Plastics are hydrophobic in nature and they can be extracted in a purely aqueous medium. Crichton et al., in their study, exploited the oleophilic property of fragmented plastics to separate them from aqueous medium by partitioning them into water-immiscible oil [83]. This method only separated microplastics from their inorganic matter and is compatible with FTIR. This process may cause damage to low melting point polymers.

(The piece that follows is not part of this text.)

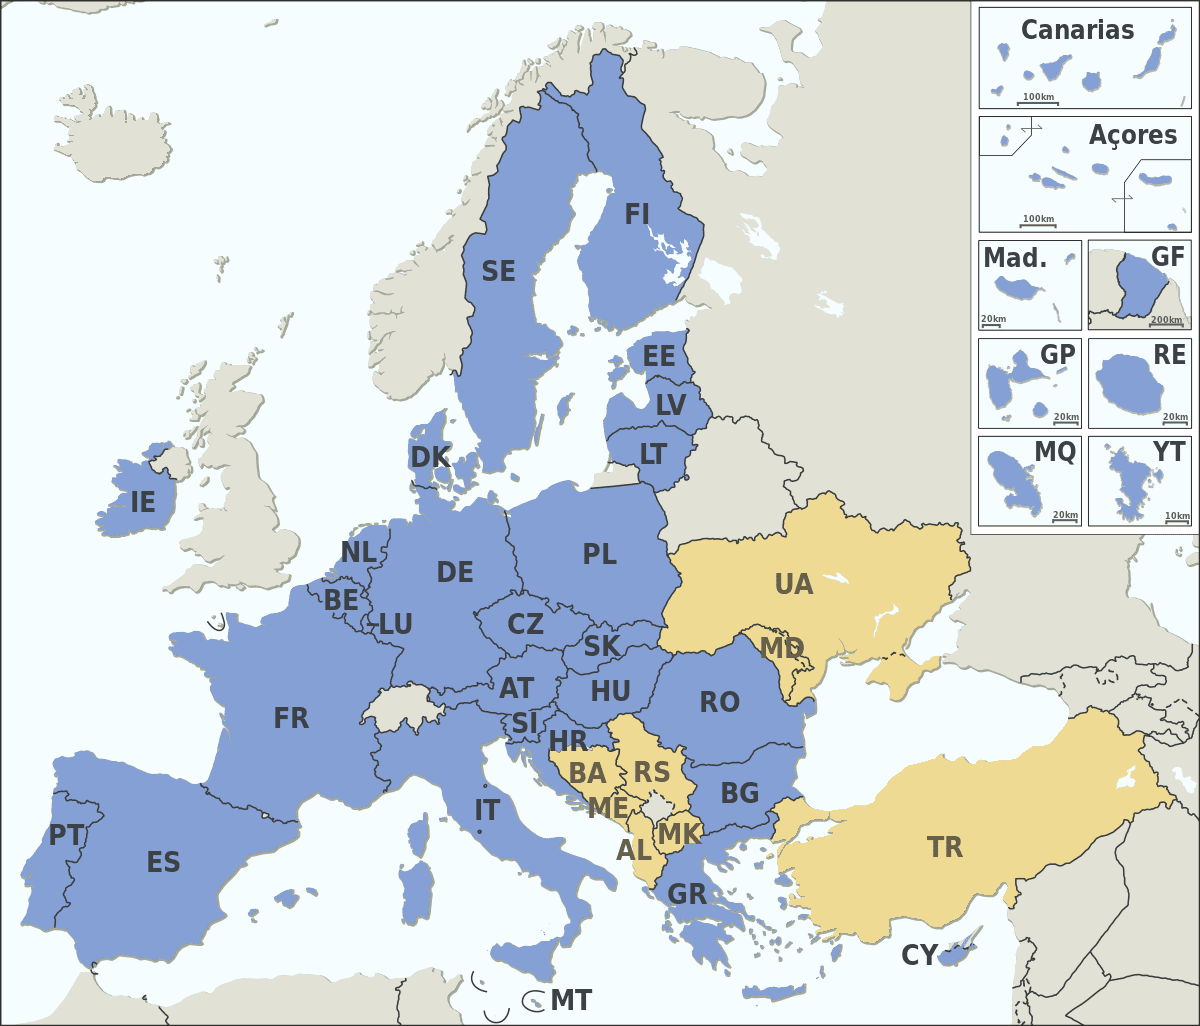 Estados-Membros da União Europeia e Estados candidatos.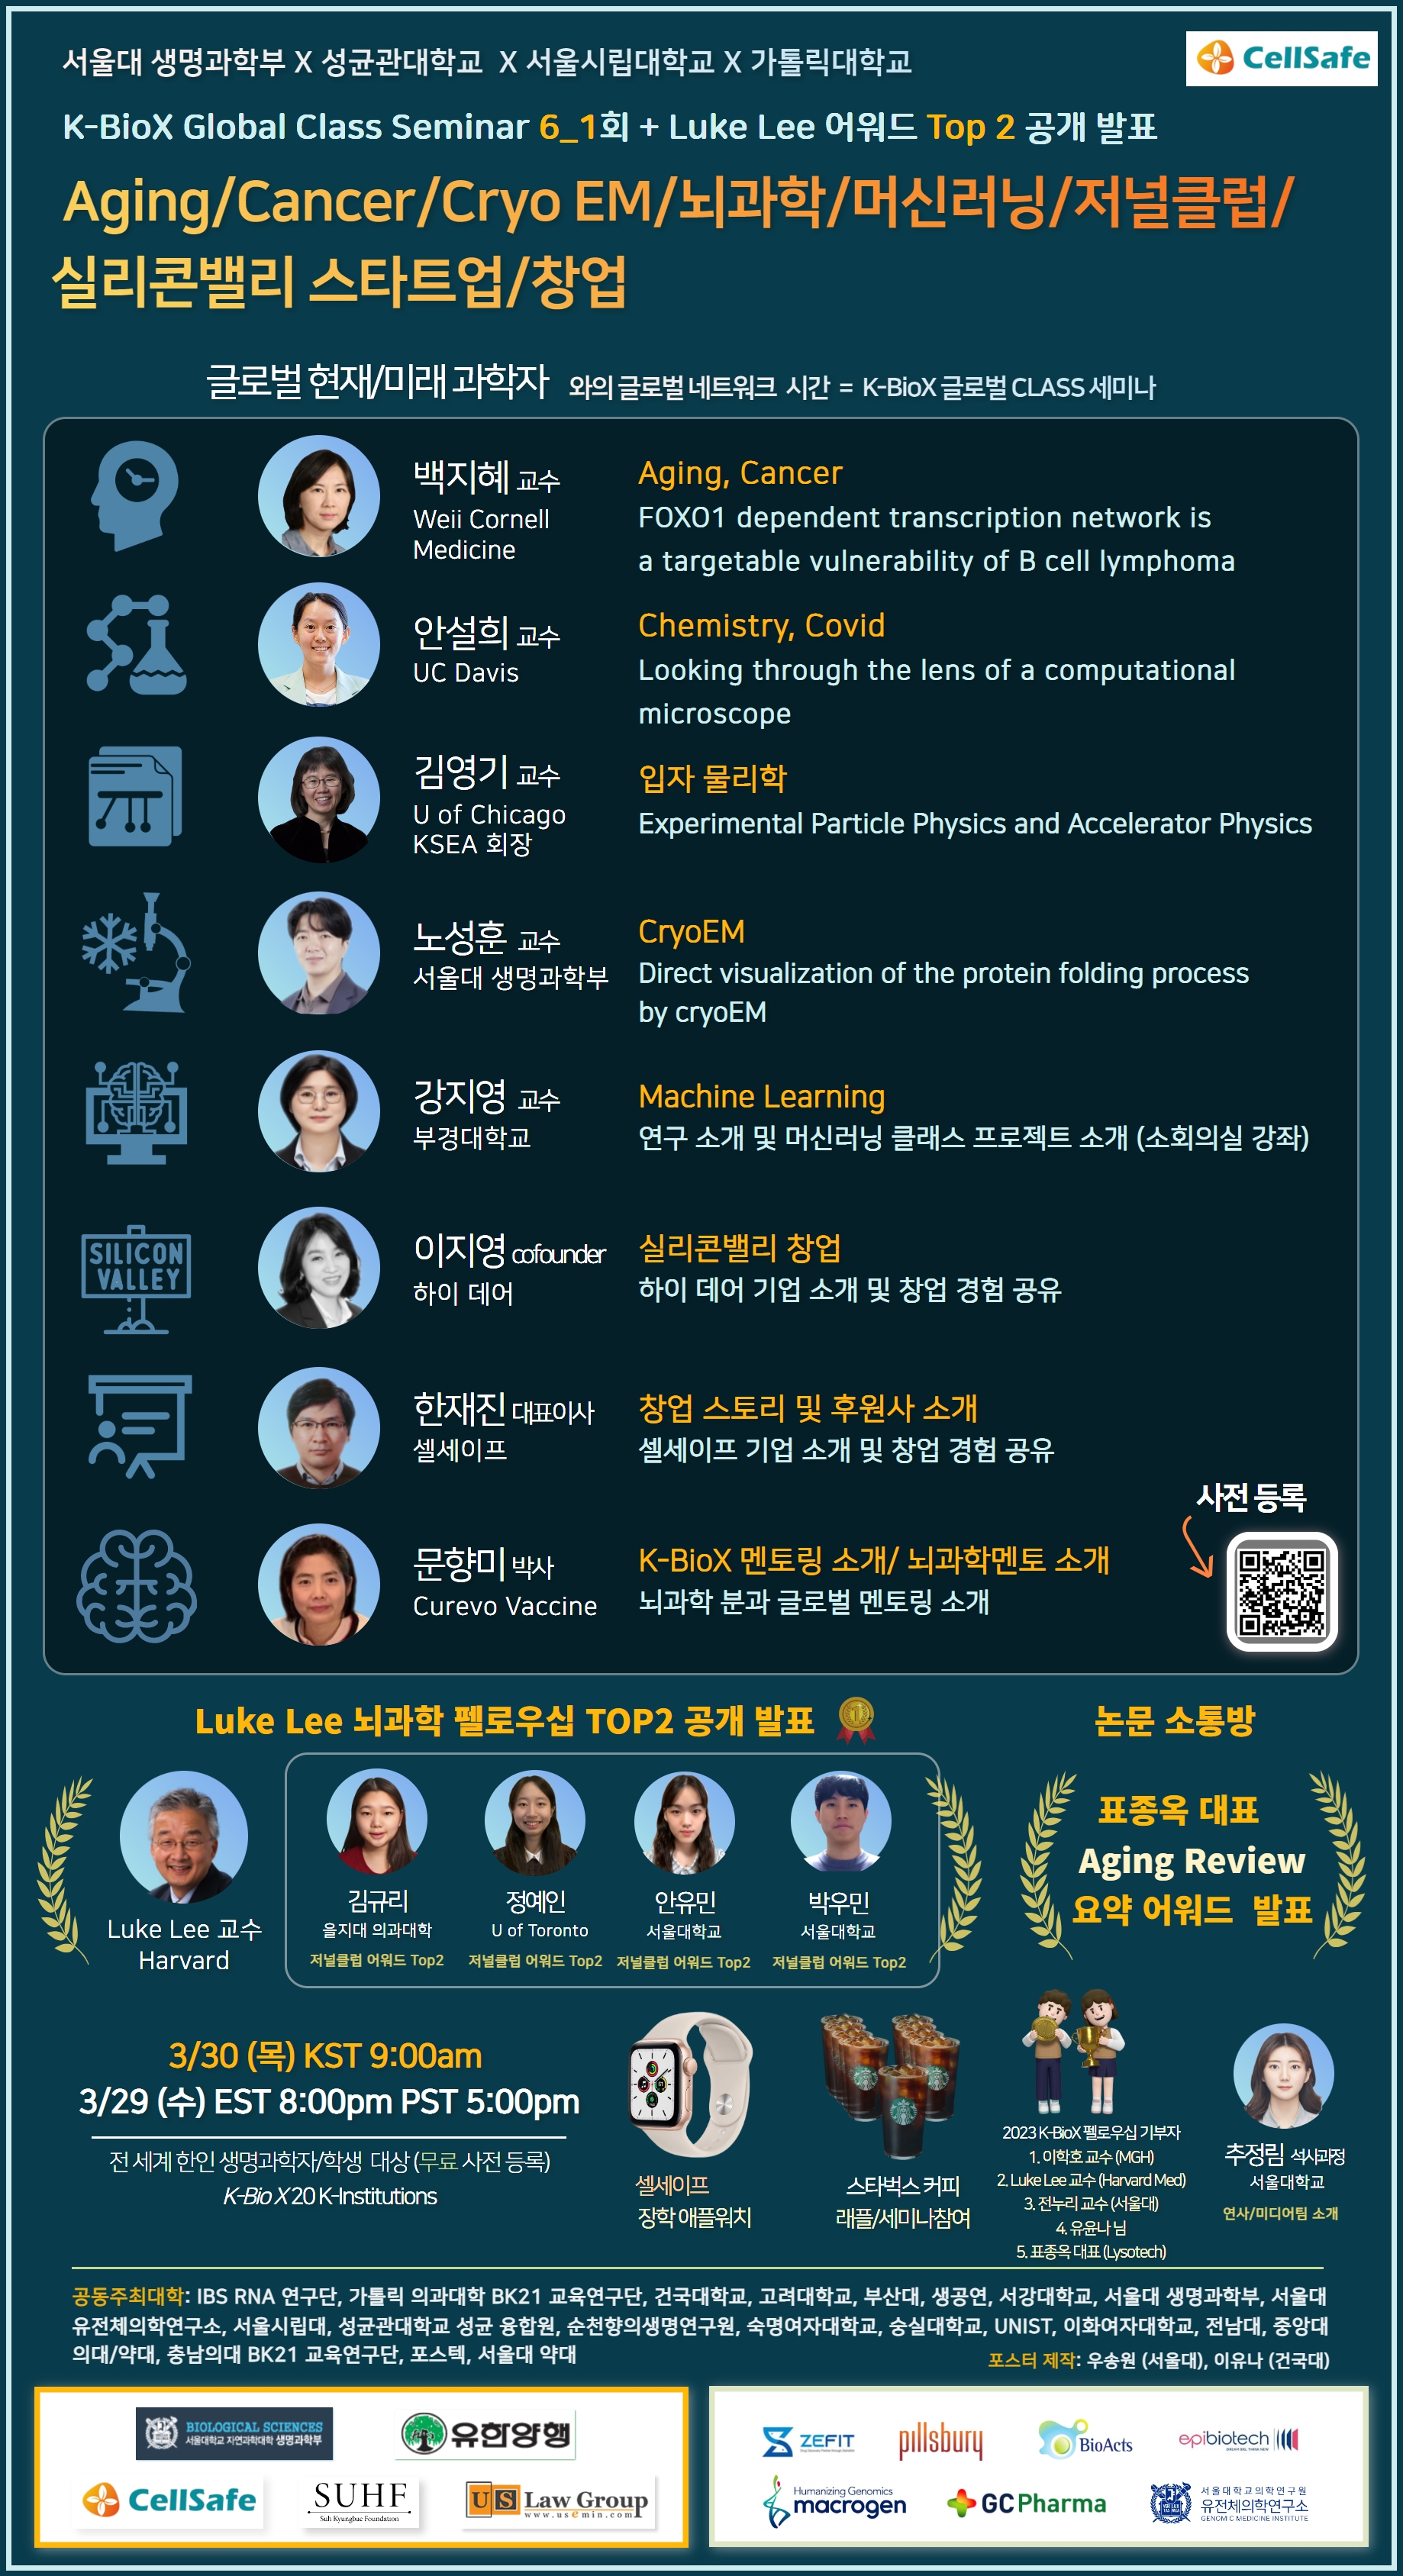 [성균융합원] 2023-1 K-BioX Global Class Seminar Season 6 제1회 세미나 안내(3/30(목) 9:00)

Optical Vibrational Spectroscopy

This technique is based on irradiating the sample to generate molecular vibration, producing an optical spectrum. Based on the particular peaks of the spectrum, identification of the material is done. This method provides reproducible results and requires only a very small quantity of samples. Also, the process is non-intrusive and nondestructive in nature. Detection of microplastics is usually done by ultraviolet-induced photodegradation. FTIR (Fourier-transform infrared) spectroscopy and Raman spectroscopy are also used. Raman spectroscopy is a laser-based technique which provides better resolution than IR spectroscopy. They are capable of identifying microplastics of about a 1 pm size [48,84]. This technique is widely used for detection of particulate matter in combination with FTIR for qualitative analysis, detection and characterization.

Thermal Analysis

Thermal analysis is usually used in combination with gas chromatography mass spectrometric technique (GC-MS). This method is destructive in nature and provides no, or limited, data about the size and shape of the particulate matter.

Fluorescent Tagging with Nile Red

Nile red has been exploited to fluorescently label microplastics upon irradiation with blue light. This method can quantify microplastics of 20 pm-1 mm [85-87]. The dye is relatively cheap and readily available. Erni-Cassola et al., Maes et al. and Shim et al. have reported tagging of the microplastics with Nile red and subsequently applying density separation and filtration of particles on black polycarbonate paper [85-87].

Time-of-Flight Secondary Ion Mass Spectrometry (ToF-SIMS)

This technique provides ambient information about the chemical composition of particulate solid samples upon bombarding the sample surface with a focused pulse ion beam. After that, the material is analyzed under a time-of flight mass spectrometer, which provides information about the elemental and molecular composition of the sample. Microplastics can also be analyzed by this technique [88]. However, it is an expensive technique with complex instrumentation.